She said what? Farsi is UNLV’s ace in the hole


L.E. Baskow

UNLV volleyball asst. coach Marshallah Farokhmanesh talks strategy with players as they face New Mexico in the Cox Pavilion on Thursday, November 12, 2015. He is the one assisting the team in making their calls and communicating on court using Farsi.

Sun, Nov 22, 2015 (2 a.m.)

Most volleyball teams use hand signals to call plays. Players clandestinely tug their jerseys and turn their backs to hide their hands from opponents while communicating with teammates.

At UNLV, there’s no need. The Rebels call their plays in Farsi, the Persian language.

Farsi is the native tongue of fifth-year assistant coach Mashallah Farokhmanesh, who was born in Burojerd, Iran.

Farokhmanesh was captain of the Iranian national team before moving to America in 1977. When he began coaching, he knew right away that he could use his language to his team’s advantage.

“When I came to this country, I listened to other teams and I said, ‘Let’s call something that they won’t know what we are talking about,’ ” Farokhmanesh said. “Since it’s my own language, I thought we might as well call plays in Farsi.”

Farsi is the official language of only three countries — Iran, Afghanistan and Tajikistan — but roughly 45 million people speak it worldwide, including in Uzbekistan, Iraq and parts of Russia.

Farokhmanesh came to America to continue his education and earned a master’s degree in physical education at Western Illinois University and a doctorate at BYU.

He was hired as an assistant coach at Weber State in 1985 by his wife and current UNLV head coach Cindy Fredrick, who was head coach at Weber State. The two coached at Washington State for 15 seasons before landing at UNLV.

They have found success at every stop, winning a Big Sky Championship at Weber State, ending seven seasons with 20 or more wins at Washington State and breaking or tying 12 school records last year at UNLV.

Of course, winning doesn’t come solely from the play-calling trick, but it doesn’t hurt.

“Most teams show finger and hand signals, and they have to hide it from the other team,” Farokhmanesh said. “Sometimes, if you run the same set, they will know what you’re going to run, but when we call our set, no one knows what set we will run.”

The UNLV team uses 10 or so Farsi words for calling the sets, but Farokhmanesh says he has as many as 50 calls when players are more experienced.

“It all depends,” Farokhmanesh said. “Some of them get it very quickly, but some of them take two or three years to master. If you have a senior setter, then we use more, and with a freshman or sophomore, we use less.”

Sophomore Alexis Patterson plays setter for the Rebels, and the novelty of calling plays in a foreign language played a role in her coming to Las Vegas.

“When I was a junior in high school and I committed to UNLV, that was one of the selling points,” said Patterson, who played for Northwest Christian High School in Phoenix. “They told me they have their own little twist on things where they call their plays in Farsi, and I thought that was really cool.”
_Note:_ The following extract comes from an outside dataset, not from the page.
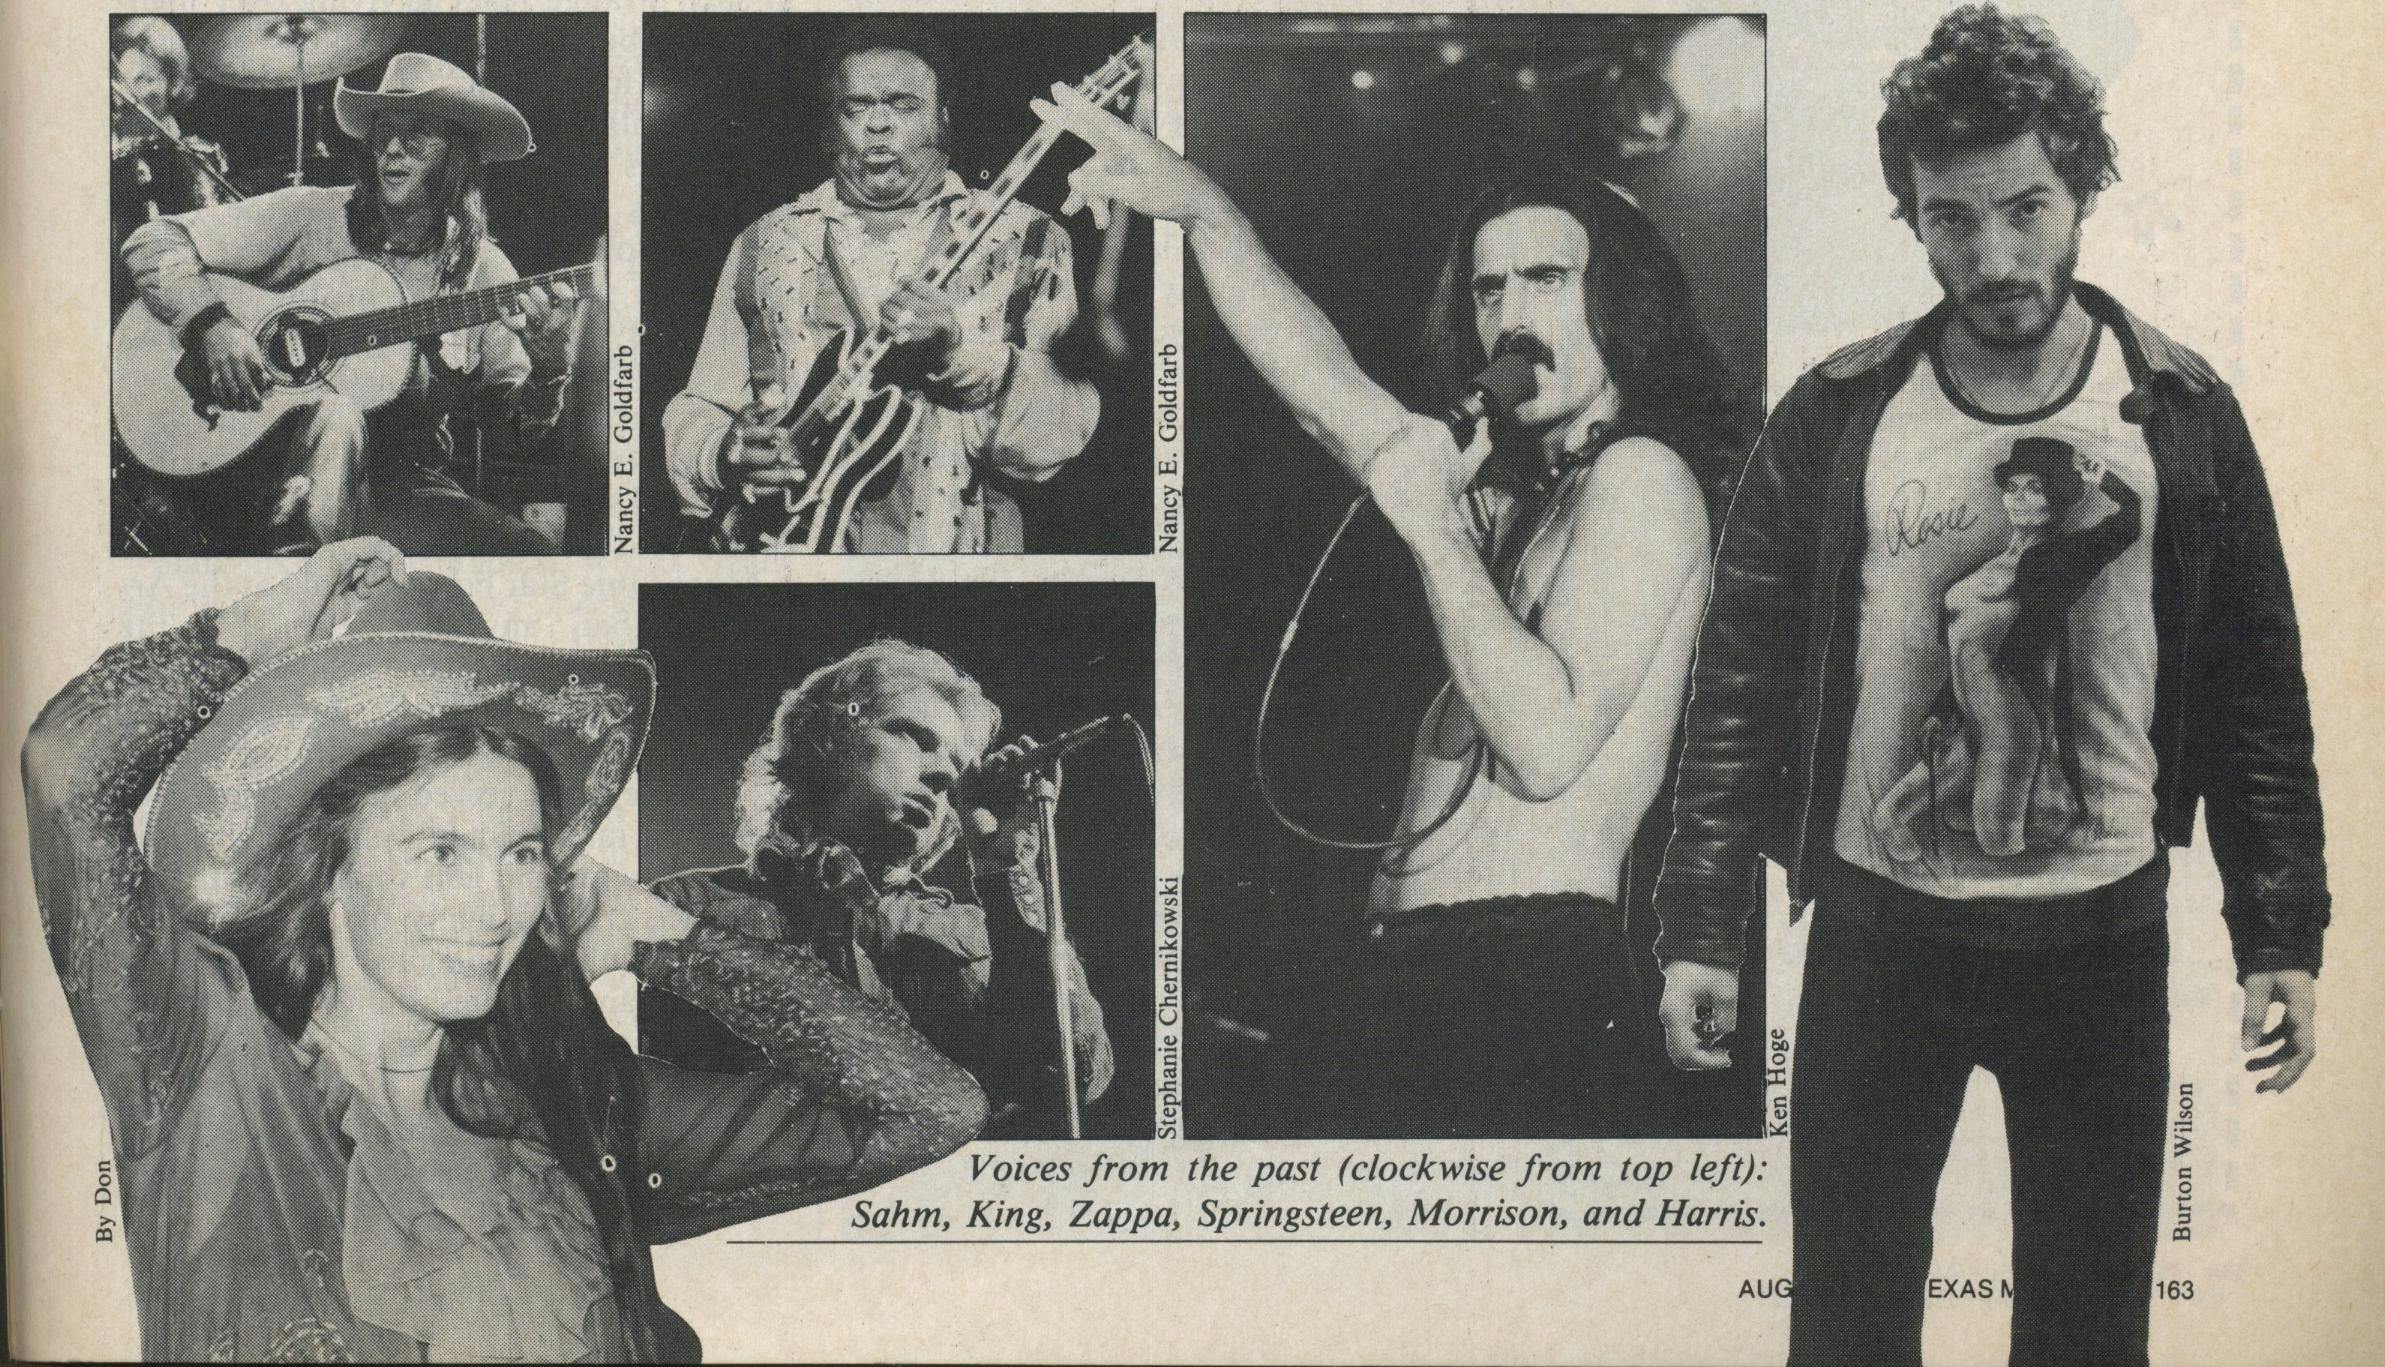 Voices from the past: Sahm, King, Zappa, Springsteen, Morrison, and Harris.

Patterson leads the team with 925 assists on the season. She already is top five in UNLV history, with 2,096 career assists and has two remaining years of eligibility.

She confidently calls out the sets for her team to run, but it wasn’t always so easy.

“I didn’t actually get the sheet with all of the plays on it until I got on campus the summer of my freshman year, and I remember the very first time I was in the moment,” Patterson said. “During summer camp, my team and I got on the court and I barely knew anyone, and they all started shouting Farsi at me. I was so overwhelmed.”

After using simple numbers to call sets in high school, Patterson had to make every moment of her offseason count, knowing she would see significant court time as a true freshman.

“Farokh gave me a sheet and told me to get on it fast,” Patterson said. “I remember I would sit in my room at night and study it. After coming to practice during preseason, it finally just clicked, and now it’s kind of like a second language.”

It’s not an easy language to speak, especially for Americans who aren’t used to pronouncing the “Gh” and “Kh” sounds. But now that the Rebels have learned it, they hold an advantage over their competition.

“It actually adds another aspect to the game and makes it fun,” Patterson said, despite sometimes drawing strange looks from opposing players. “We can just yell out what we are running, and they have no idea what we are talking about.”